Worse, what “stuck” means is also ambiguous. Does that mean it failed with an error? Does that mean a download started but then was too slow for the user’s taste? Does it mean that a download started but never got any data at all? How long did the user wait?
My best guess is that git cloning the registry on Windows is taking a long time and isn’t actually stuck. There’s a fix for that being worked on for 1.7 (don’t unpack registries).
maybe i misread this, but milestone "1.6 blockers" still has 3 open with "1.6 now considered feature-complete. This milestone tracks release-blocking issues." - so how can 1.6 be ready?
You guys are doing great. Julia is really taking shape. Can't wait to jump ship from Python.
It's also nice to see that you (personally) are sponsoring zig development.
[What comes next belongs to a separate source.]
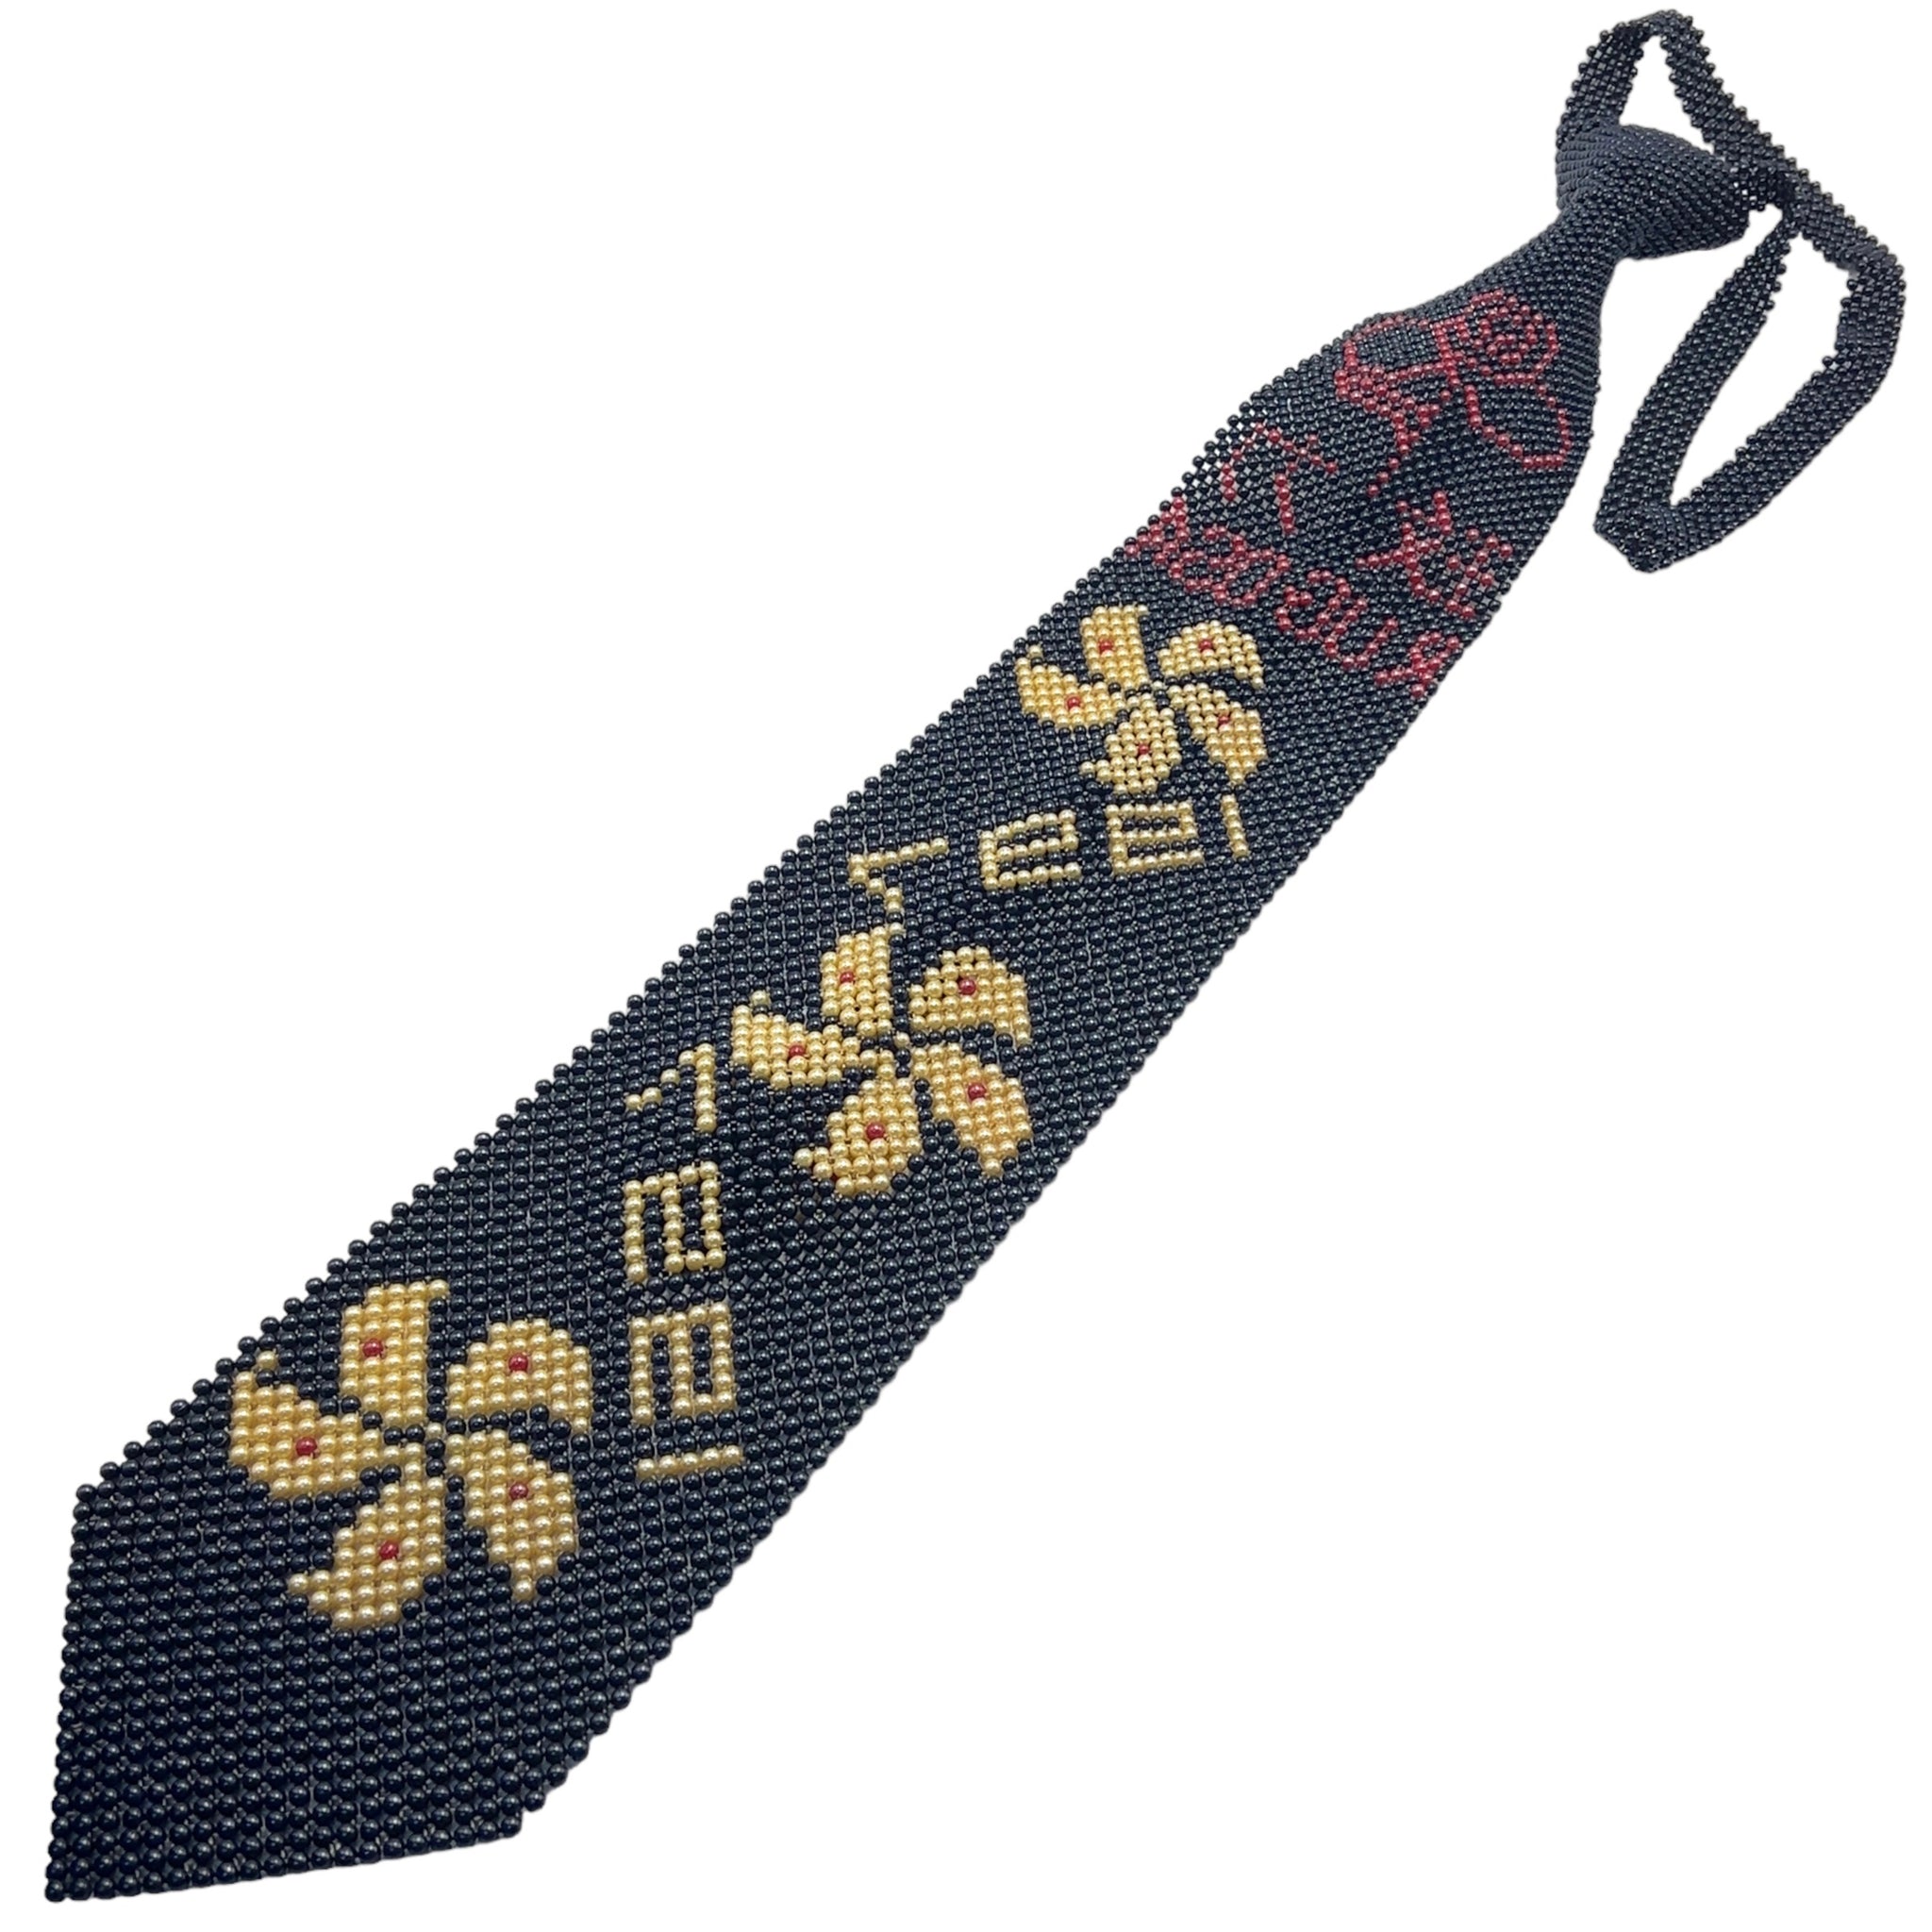 1997 China Theme Pearl Tie Vintage Inspired Cultural Elegance
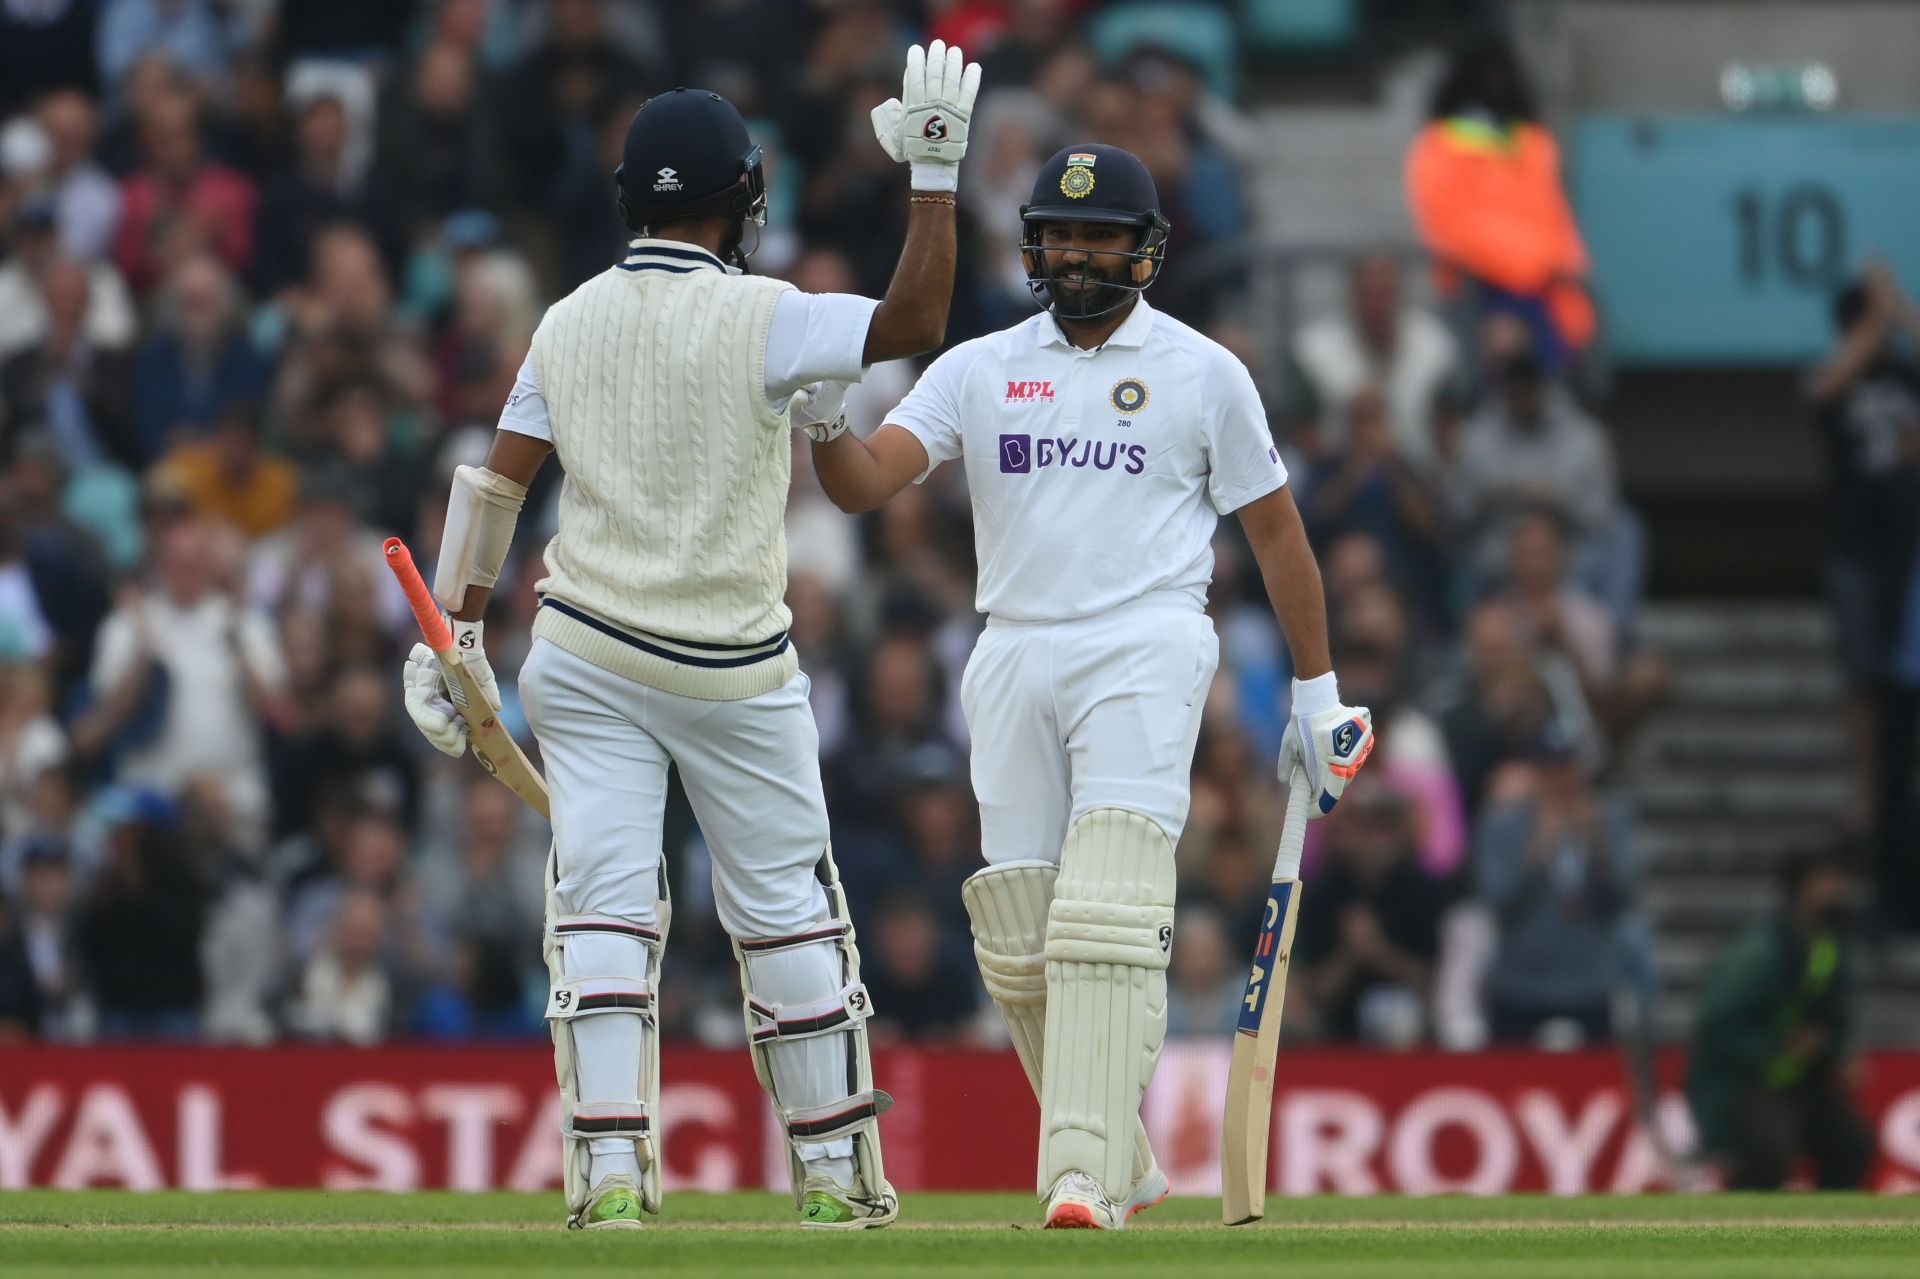 Rohit notched up his first overseas hundred at the Oval

There is so much more room for improvement in the arena of programming languages. Infrastructure like this is a huge multiplier.
I'm excited about Zig and I've spent many evenings looking at Andrew's streams. I haven't gotten the time to try it out properly myself but I'm looking forward to it.
The Julia implementation ended up being about 2 to 3 times faster. I timed the core learning loops, the network evaluations and gradient calculations and applications, and PyTorch and Julia performed similar here. So it wasn't that Julia was faster at learning. Instead it was all the in-between, all the "book keeping" in Python ended up being much faster in Julia, enough so that overall it was 2 to 3 times faster.
(I was training on a CPU though. Things may be different if you're using a GPU, I don't know.)